I have an array of mappings from IP address to host-name. This represents a list of active DHCP leases:
PS H:\> $leases
IP Name
-- ----
192.168.1.1 Apple
192.168.1.2 Pear
192.168.1.3 Banana
192.168.1.99 FishyPC
I have another array of mappings from MAC address to IP address. This represents a list of IP reservations:
PS H:\> $reservations
IP MAC
-- ---
192.168.1.1 001D606839C2
192.168.1.2 00E018782BE1
192.168.1.3 0022192AF09C
192.168.1.4 0013D4352A0D
For convenience, I was able to produce a third array of mappings from MAC address to IP address and host name using the following code. The idea is that $reservations
should get a third field, "Name", which is populated whenever there's a matching "IP" field:
$reservations = $reservations | foreach {
$res = $_
$match = $leases | where {$_.IP -eq $res.IP} | select -unique
if ($match -ne $NULL) {
"" | select @{n="IP";e={$res.IP}}, @{n="MAC";e={$res.MAC}}, @{n="Name";e={$match.Name}}
}
}
The desired output is something like this:
PS H:\> $ideal
IP MAC Name
-- --- ----
192.168.1.1 001D606839C2 Apple
192.168.1.2 00E018782BE1 Pear
192.168.1.3 0022192AF09C Banana
192.168.1.4 0013D4352A0D
Is there any better way of doing this?
After 1.5 years, the cmdlet I had pasted in the original answer has undergone so many updates that it has become completely outdated. Therefore I have replaced the code and the ReadMe with a link to the latest version.
Join-Object
Combines two object lists based on a related property between them.
Description
Combines properties from one or more objects. It creates a set that can be saved as a new object or used as it is. An object join is a means for combining properties from one (self-join) or more object lists by using values common to each.
Main features
- Intuitive (SQL like) syntax
- Smart property merging
- Predefined join commands for updating, merging and specific join types
- Well defined pipeline for the (left) input objects and output objects (preserves memory when correctly used)
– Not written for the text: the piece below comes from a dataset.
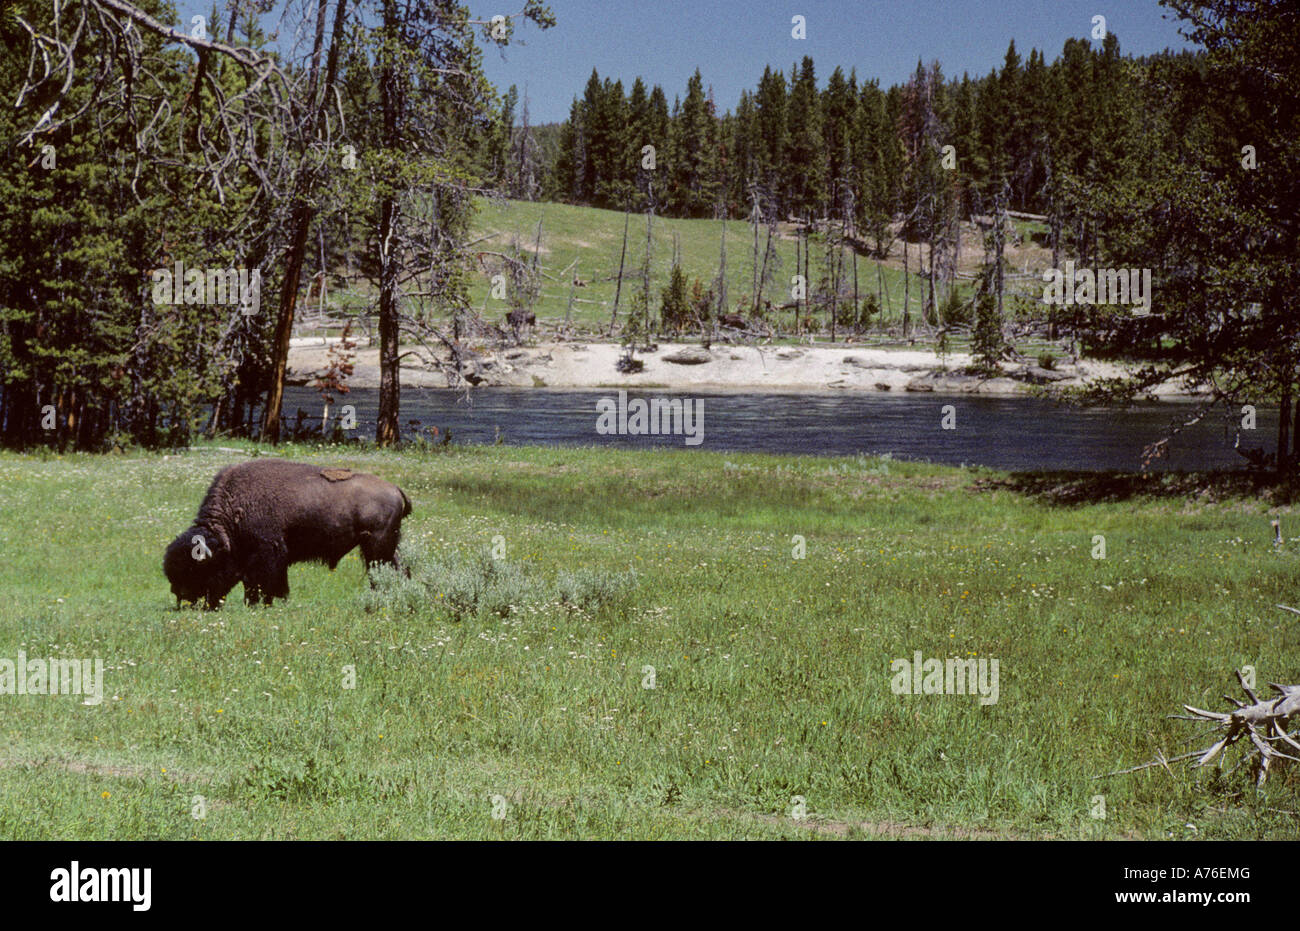 A Buffalo grazes in an open meadow in Yellowstone National Park, USA. Stock Photo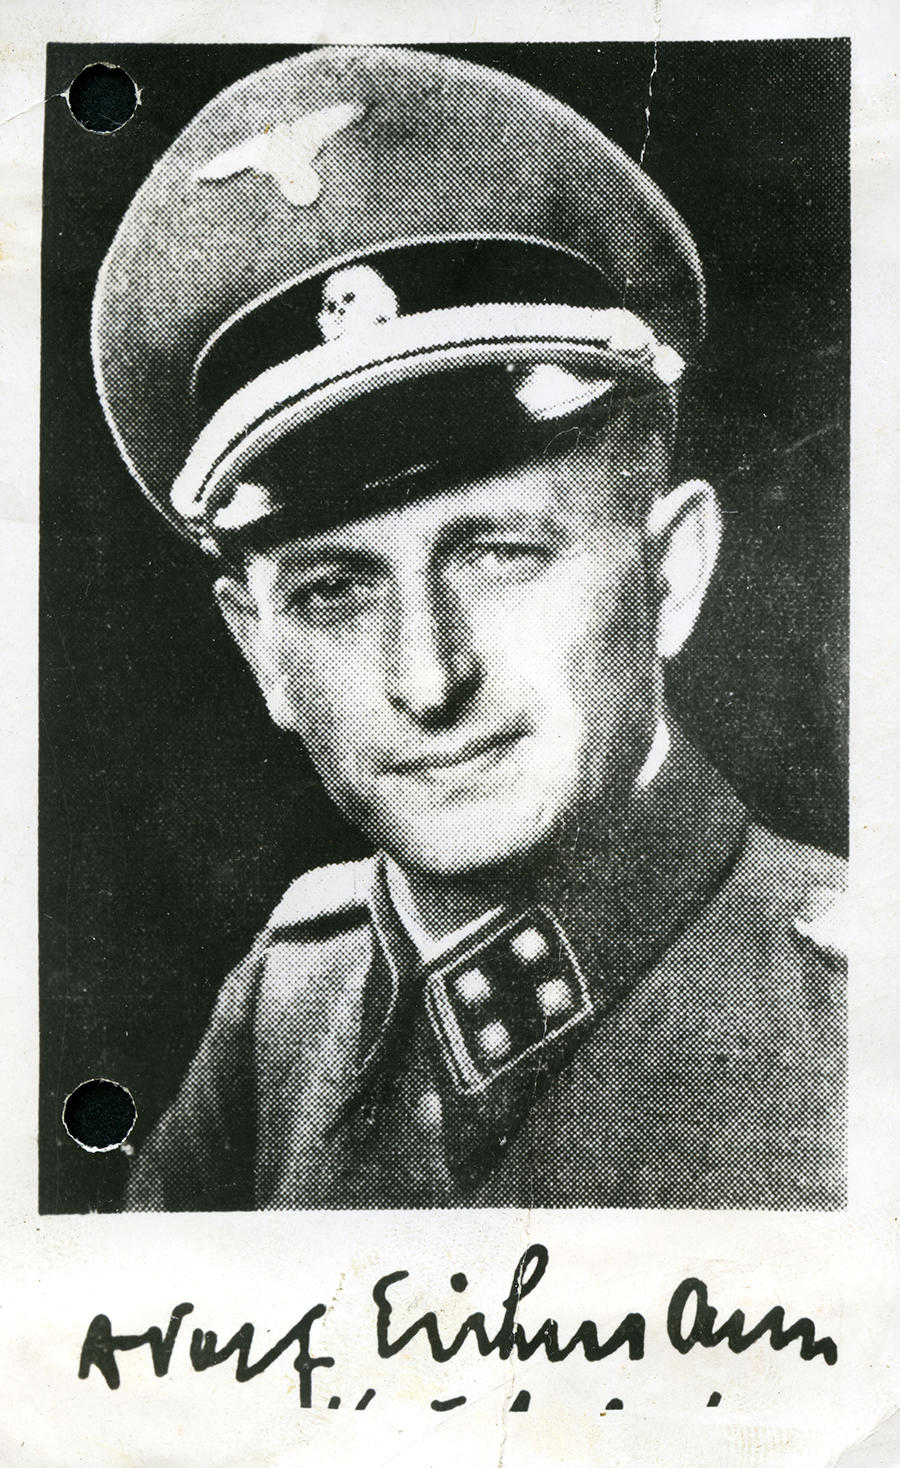 Adolf Eichmann in Nazi uniform, 1940s (Credit: Yad Vashem)

- Performs about 40% faster than Compare-Object on large object lists
- Supports (custom) objects, data tables and dictionaries (e.g. hash tables) for input
- Smart properties and calculated property expressions
- Custom relation expressions
- Easy installation (dot-sourcing)
- Supports PowerShell for Windows (5.1) and PowerShell Core
The Join-Object cmdlet reveals the following proxy commands with their own (-JoinType
and -Property
) defaults:
-
InnerJoin-Object
(AliasInnerJoin
orJoin
), combines the related objects -
LeftJoin-Object
(AliasLeftJoin
), combines the related objects and adds the rest of the left objects -
RightJoin-Object
(AliasRightJoin
), combines the related objects and adds the rest of the right objects -
FullJoin-Object
(AliasFullJoin
), combines the related objects and adds the rest of the left and right objects -
CrossJoin-Object
(AliasCrossJoin
), combines each left object with each right object -
Update-Object
(AliasUpdate
), updates the left object with the related right object -
Merge-Object
(AliasMerge
), updates the left object with the related right object and adds the rest of the new (unrelated) right objects
ReadMe
The full ReadMe (and source code) is available from GitHub: https://github.com/iRon7/Join-Object
Installation
There are two versions of this Join-Object
cmdlet (both versions supply the same functionality):
- Join Module
Install-Module -Name JoinModule
- Join Script
Install-Script -Name Join
(or rename the Join.psm1
module to a Join.ps1
script file)
and invoked the script by dot sourcing:
. .\Join.ps1
Answer
To answer the actual example in the question:
$reservations |LeftJoin $leases -On IP
IP MAC Name
-- --- ----
192.168.1.1 001D606839C2 Apple
192.168.1.2 00E018782BE1 Pear
192.168.1.3 0022192AF09C Banana
192.168.1.4 0013D4352A0D
Performance
A little word on performance measuring:
The PowerShell pipeline is designed to stream objects (which safes memory), meaning that both¹ lists of input objects usually aren't (shouldn't be) resident in memory. Normally they are retrieved from somewhere else (i.e. a remote server, a disk). Also, the output usually matters where linq
solutions are fast but might easily put you on the wrong foot in drawing conclusions because linq
literally defers the execution (lazy evaluation), see also: fastest way to get a uniquely index item from the property of an array.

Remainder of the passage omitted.